Nel cuore della simbiosi ebraico-tedesca. Combattuto fra lo sgomento
e il senso della fatalità davanti alla barbarie, Pollak rinunciò a vivere
in un mondo che non riconosceva più come suo

Per sopravvivere basterebbe dire un “sì”, ma Ludwig Pollak non lo vuol dire. Siamo a Roma, il 15 ottobre 1943, alla vigilia della deportazione degli ebrei dal ghetto, che avverrà il giorno dopo. Un amico è venuto a prelevarlo per portarlo in Vaticano. L’auto che li porterà in salvo è giù che aspetta, con i motori accesi, deve sbrigarsi. Ma Pollak non si decide. Anzi, in verità ha già deciso: non vuole partire, non vuole salvarsi né tantomeno sfuggire a un destino tanto abissale quanto incomprensibile. Di lì a poco sarà lui stesso, cortese e rigido, a ringraziare l’amico rimandando indietro l’auto vuota.
Il giorno dopo, Pollak e i suoi sono tra i mille ebrei romani caricati sui camion dai nazisti, deportati nei lager e uccisi. Questo il quadro storico del volumetto de Le ultime ore di Ludwig Pollak, Sellerio, scritto dal giornalista Hans Von Trotha, opera romanzesca e di fantasia ispirata alla figura del leggendario antiquario. Combattuto fra lo sgomento, il senso della fatalità del destino davanti alla barbarie onnipresente, Pollak – come Stefan Zweig – rinuncerà a vivere in un mondo che non riconosce più come suo: verrà assassinato a Auschwitz quattro giorni dopo, a 75 anni.
Nato nel cuore della Mitteleuropa, a Praga, nel 1868, archeologo, collezionista e consigliere di collezionisti, ma anche mercante e raffinato conoscitore di letteratura e d’arte, aiuta vari magnati a catalogare le loro collezioni d’arte. Nel romanzo, Pollak è un torrente in piena, sa che quella è la sua ultima occasione per raccontare: incontri e onorificenze del Papa, del Kaiser, del Re d’Italia, dello Zar, conversazioni con sovrani e onori accademici («a un ebreo, se lo immagina!»). Pollak diventerà beneamato in Vaticano per un’incredibile scoperta archeologica: il ritrovamento del braccio destro mancante della leggendaria statua del Laocoonte, all’epoca esposto nei Musei Vaticani, che Pollak donerà al Papa.

Ritratto di Ludwig Pollak, 1925, di Fritz (Friedrich) Werner (Vienna 1898-New York 1994).

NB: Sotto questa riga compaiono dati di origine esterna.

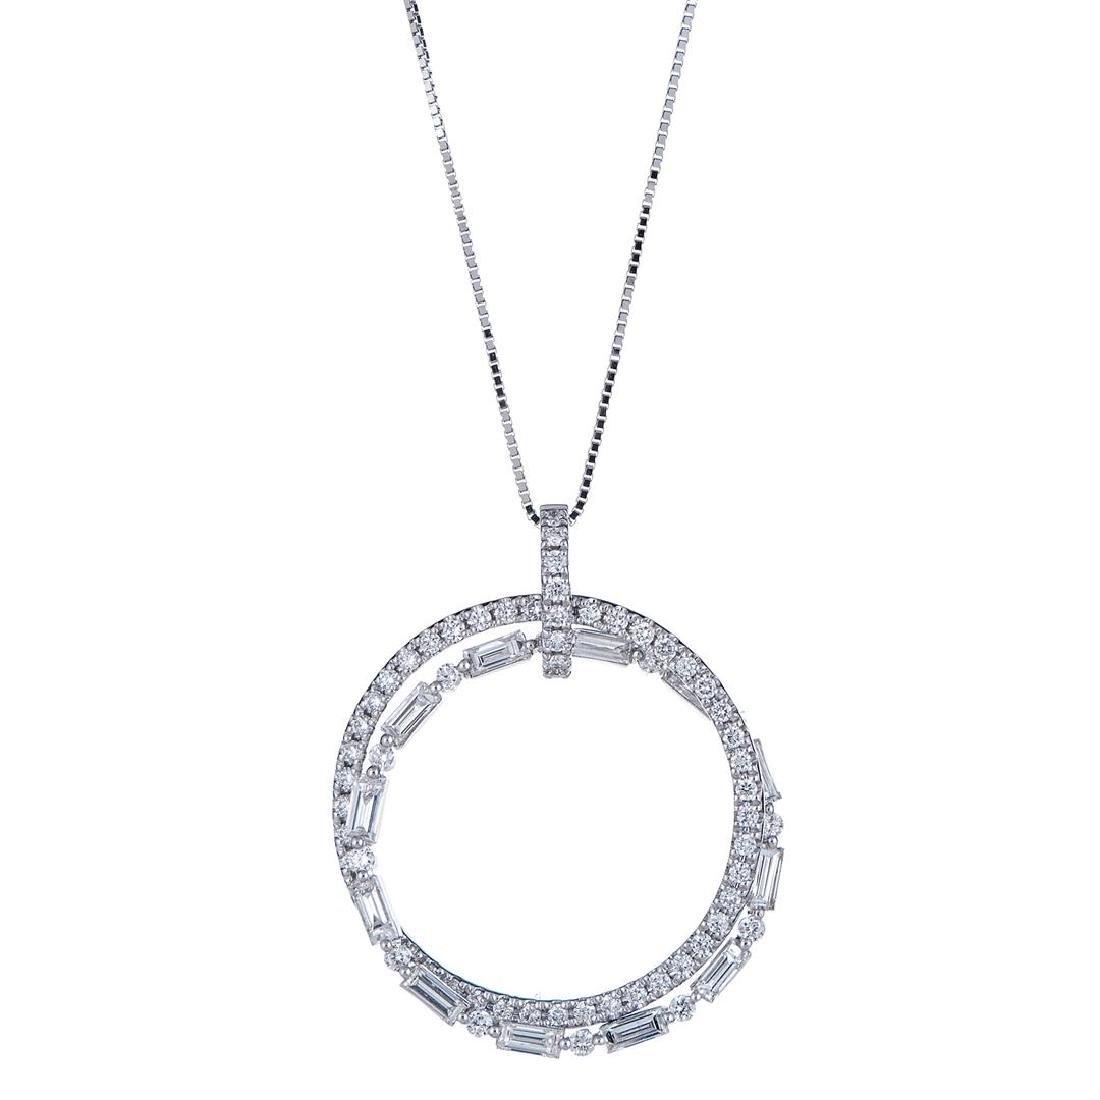 0.77 ctw Diamond Pendant - 18KT White Gold

L’avventura di questa statua e del suo braccio destro ebbe un ruolo chiave nella vita di Pollak, e la vicenda prende coloriture fortemente simboliche diventando una metafora del cuore umano e della stessa parabola esistenziale di Pollak. L’opera che ritrae il pater doloroso con i due figli che si contorcono tra i serpenti fu ritrovata nel 1506: gli mancava il braccio destro. Ma nel 1903 Pollak lo riconosce nella bottega di un rigattiere, un arto ripiegato e dolente. Da eroe a vinto: un uomo sconfitto, questo è il Laocoonte dopo il ritrovamento del braccio. Come Pollak con i nazisti.

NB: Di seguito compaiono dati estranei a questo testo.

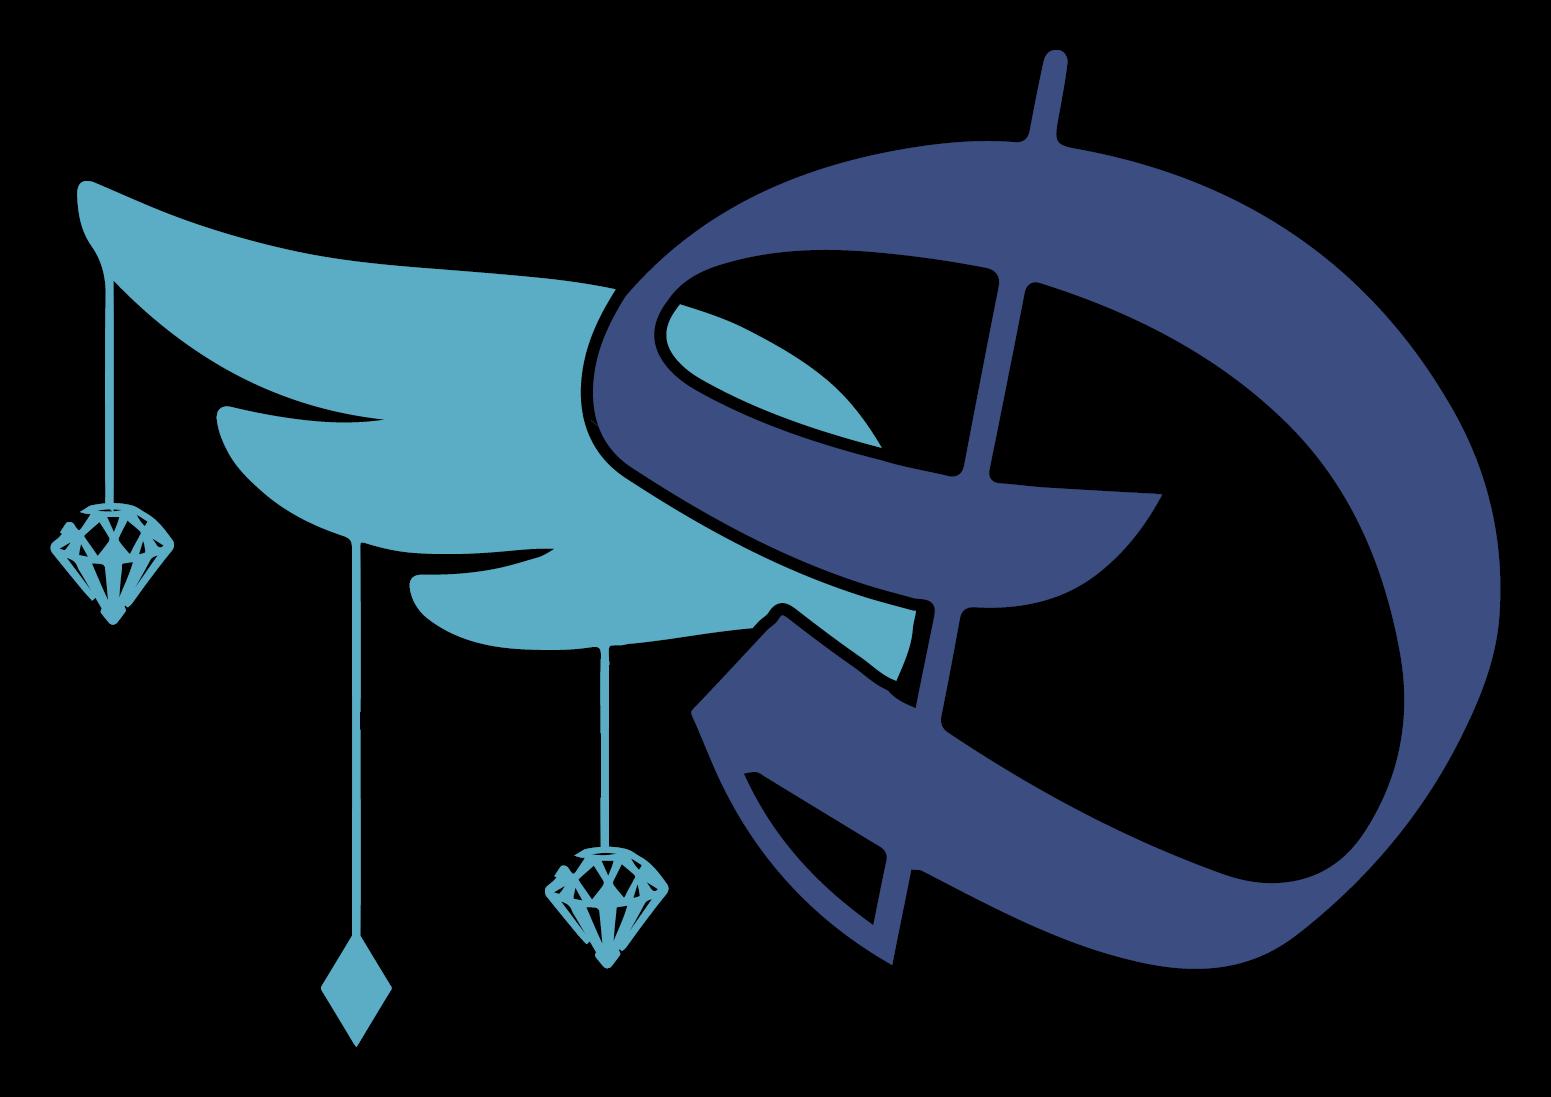 Craft studios deviantart welcome. Teamwork clipart doodle

Una metafora etica: l’impossibilità di salvarsi, di sfuggire al proprio destino: «… il mio braccio, il braccio di un uomo perduto, è quello giusto (…). I serpenti sono oggi diffusi in tutta Roma, stritolano e mordono assaporando la rovina delle vittime… Il serpente vince comunque, questo ci insegna il Laocoonte. Contro i serpenti inviati dagli dèi l’uomo non vince mai, non in questo mondo almeno».